Let me try and explain what I'm trying to do and than you could comment on the model I'm using.

The base fact tables that I have are quite huge in terms of volumes (we're talking about several tables each can reach to around 1B records a day). We have a platform that manage a more manageble tables which are derived from these fact tables and structured in the following way ;

Dim1, Dim2, Dim3, Dim4, Time Dim, Measurement 1, Measurement 2 ... Measurement N

These are basicaly aggregation tables which simulates a simple OLAP (the actual tables are cubes with sub aggregations but I found that qlikview can not support these sub aggregation very well so I'm filtering these rows and I'm loading only the "clean" group by results set (and not the group by cube results set)).

The thing about these metric tables is that they share common dims columns. One table can have : dim1, dim2, m1, m2 and the other can have dim1,dim3,dim4, m3 and so on.

My understanding (and you may correct me if i'm wrong) is that it is not feasable to load the fact tables (1B rows a day) and provide analytics for periods of months/years. Since we have usually around 40 different dims in the model, it also not realistic to load a full group by using all ~40 dims since it will not reduce the number of rows considerably.
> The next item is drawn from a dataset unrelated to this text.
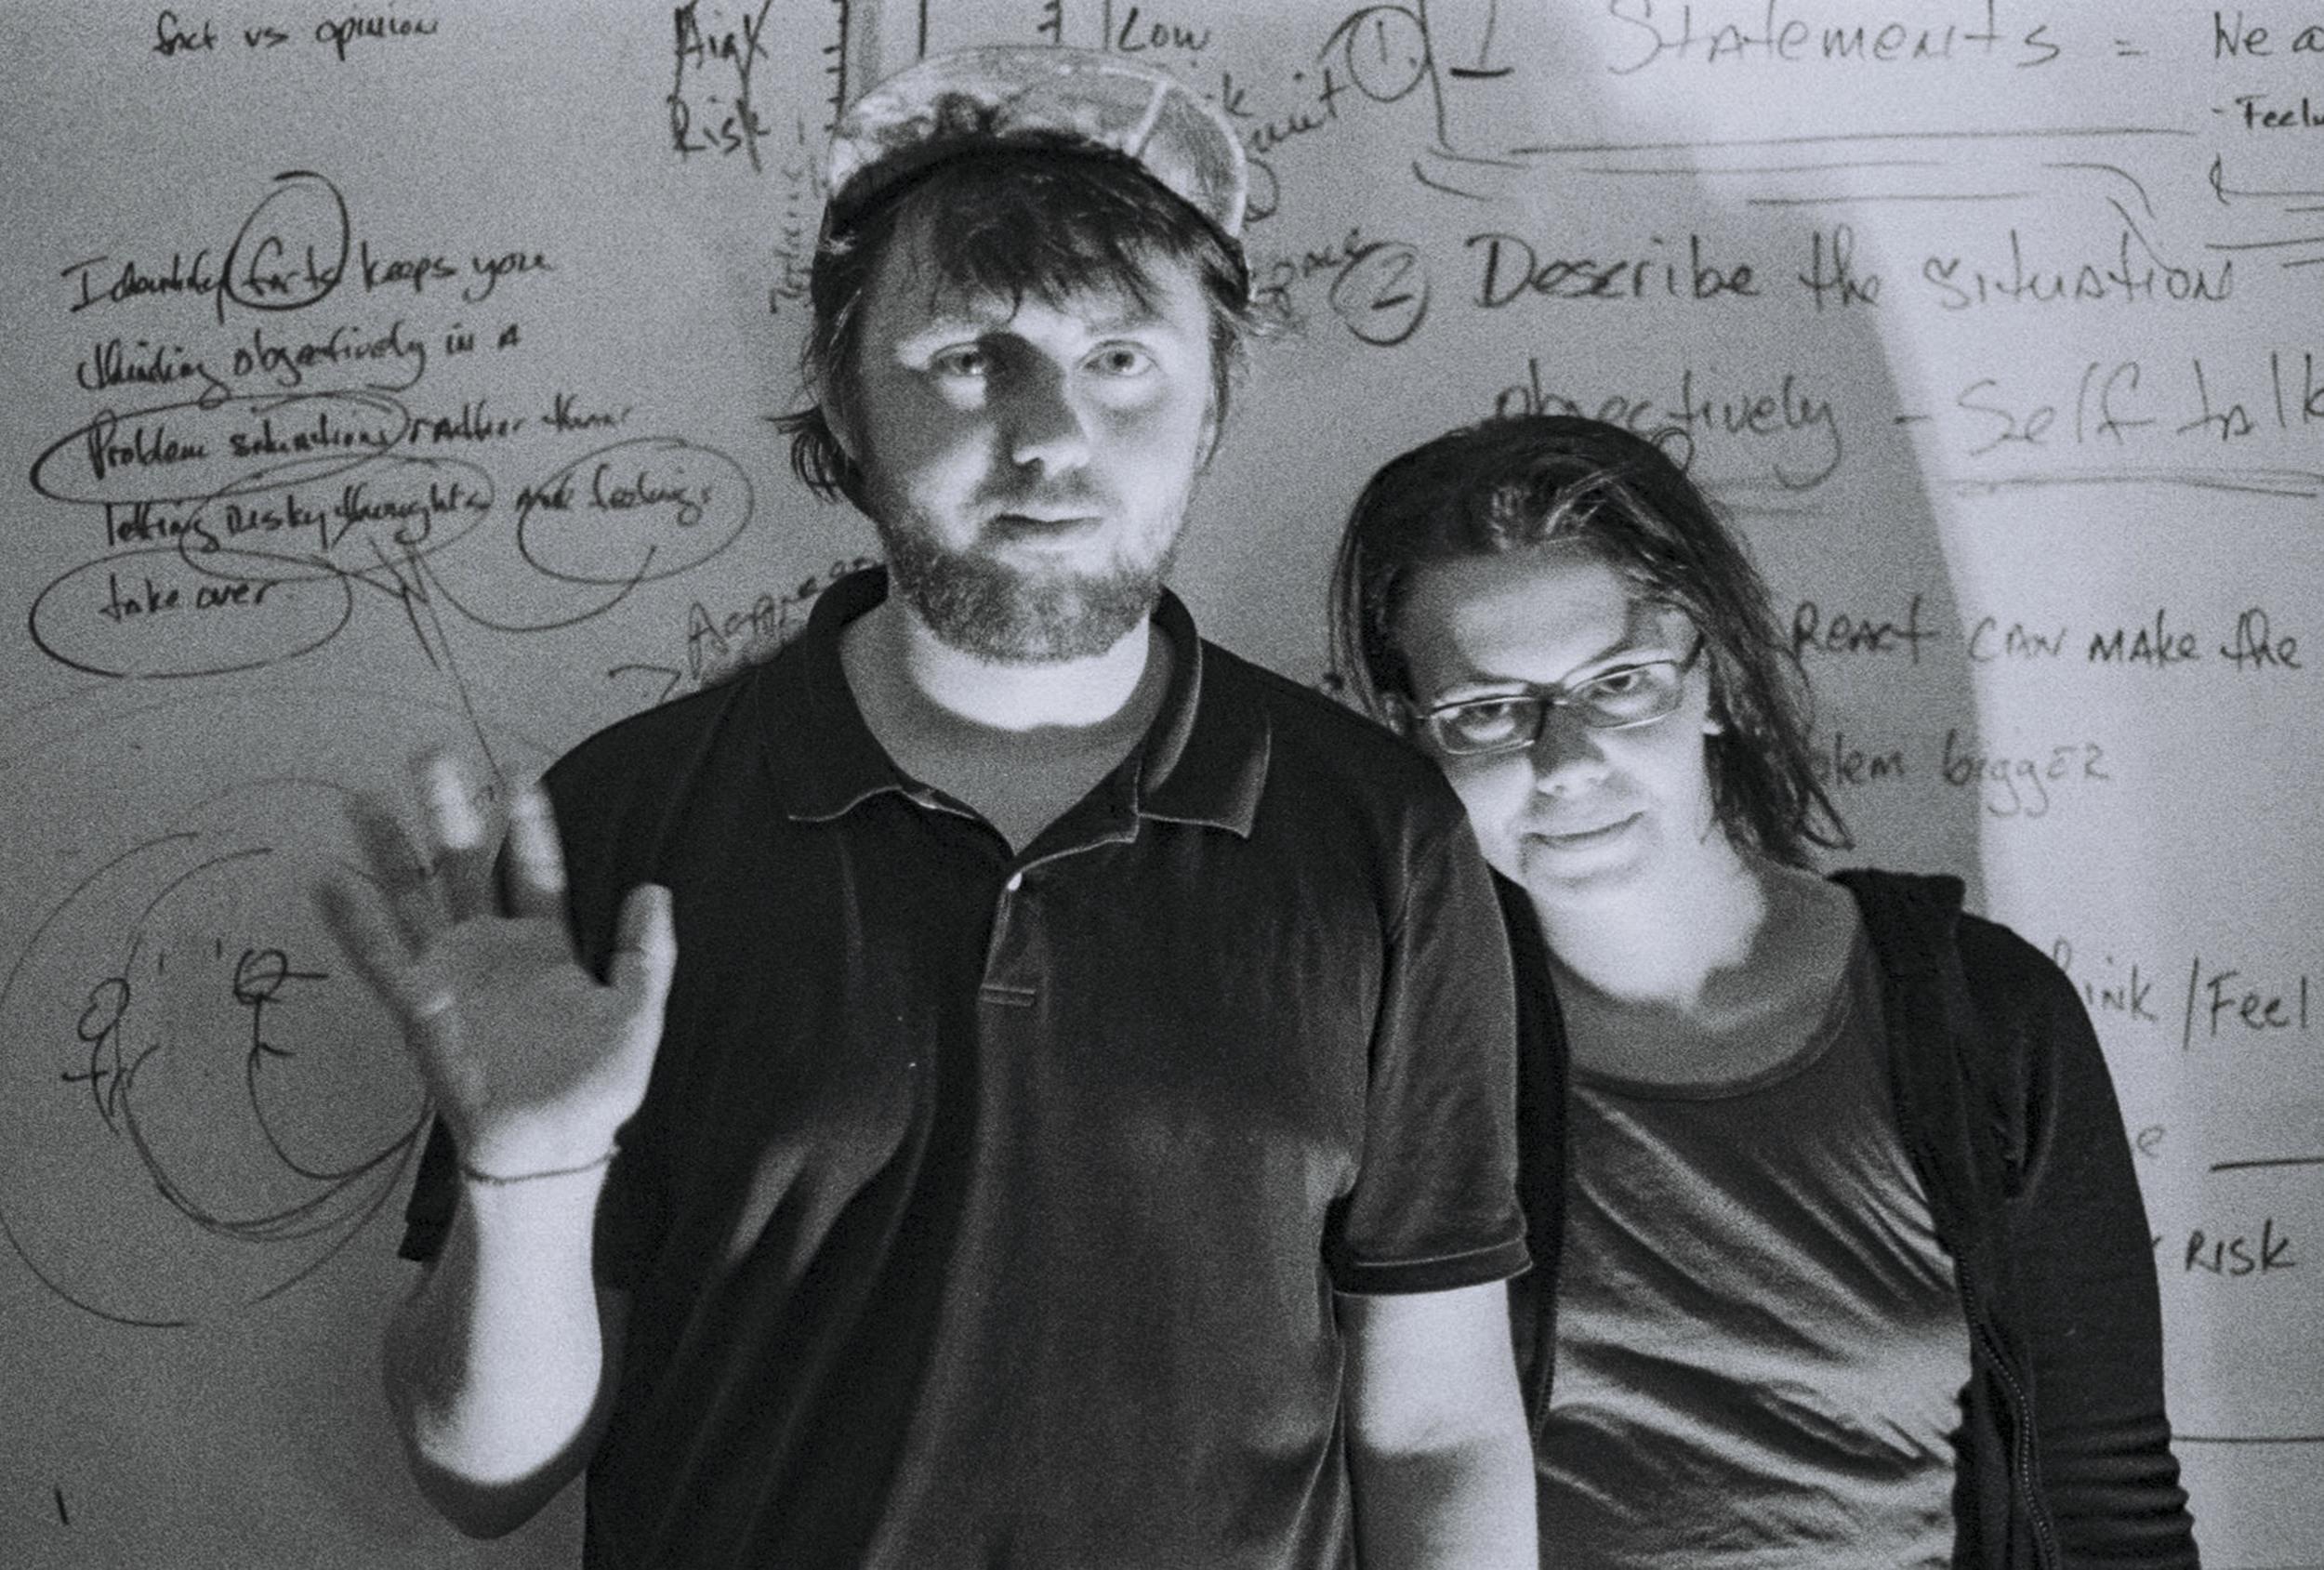 Mat Cothran and Delaney Mills of Elvis Depressedly.
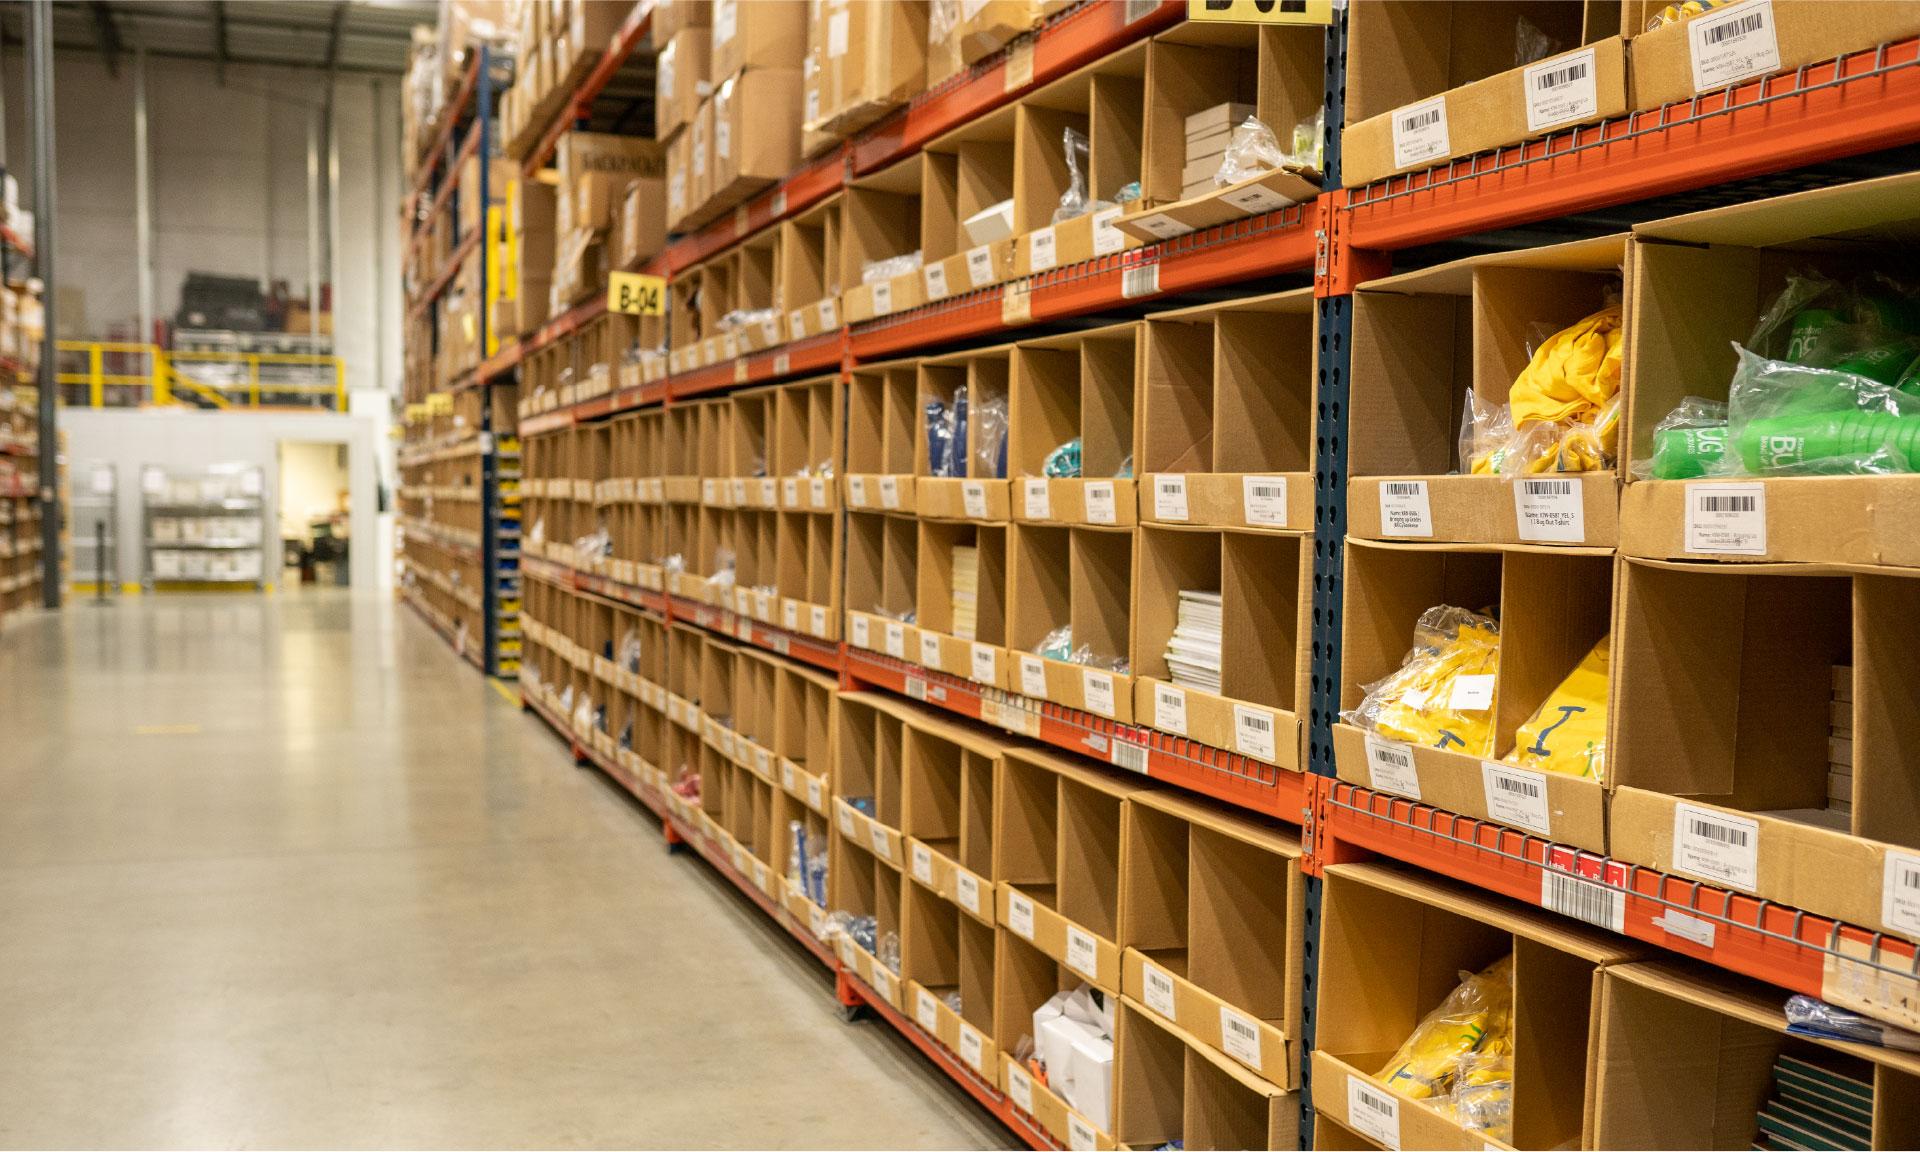 barstool sports warehouse and fulfillment

So what we have is a set of aggregation tables each with up to 4 dims + time dim + various measurements which create a limited space for the metric model (limited in a way it does not contain all dims combinations for each metric)

If you guys have any idea how we can use these tables in Qlikview to support these various metrics visulization + the ability to perform qlikview powerfull contextual switch using the selection concept by navigating between different views.

Thanks again,

Avi

Anonymous
Not applicable
Author

Avi,
You're certainly not the first with this sort of question. Oleg just recommended to search for "concatenation" - this is a typical solution in cases like this.
In real life, it is rather a rule than an exception to have multiple measures, and different measures are using not the same set of dimensions. The most common (although not the only) way to solve it is to concatenate all mesaures into one "fact" logical table in QlikView application.
I think you need help from an experienced Qlikview consultant, from QlikTech or from one of the partners.
The best of luck,

Not applicable
Author

Thanks, will do .

Oleg_Troyansky
Partner Ambassador/MVP
Partner Ambassador/MVP

Avi,

yes, your understanding is correct - 1B rows a day, over several months is a bit too much for any in-memory model. So, if you still want to use the advantages of in-memory processing, you need to reduce the granularity of your data.

In order to do it in QlikView, you need to find the "common level of detal" for various fact tables and keep all the data at that level. It's hard to fisualize without a specific example...

Let's say you are trying to compare visits to your web site with the volume of purchases. In your transactional data, you might have billions of website hits, timestamped up to millisecond, and perhaps thousands of purchases. If you determine that the acceptable level of detail is daily summary, you need to summarize your transactions at the daily level, and (unfortunately) aggregate your key measurements to the same level.

What you cannot do in QlikView is keep the same data at different levels of detail (for example, this table holds data by Dim1-Dim2-Dim3 and that table holds the same data by Dim1-Dim2).

If several fact tables have multiple dimensions in common, you can either concatenate them into a single fact table ("concatenate") or create a composite key if you can find a sinlge set of dimensions that repeats itself ("Link Table").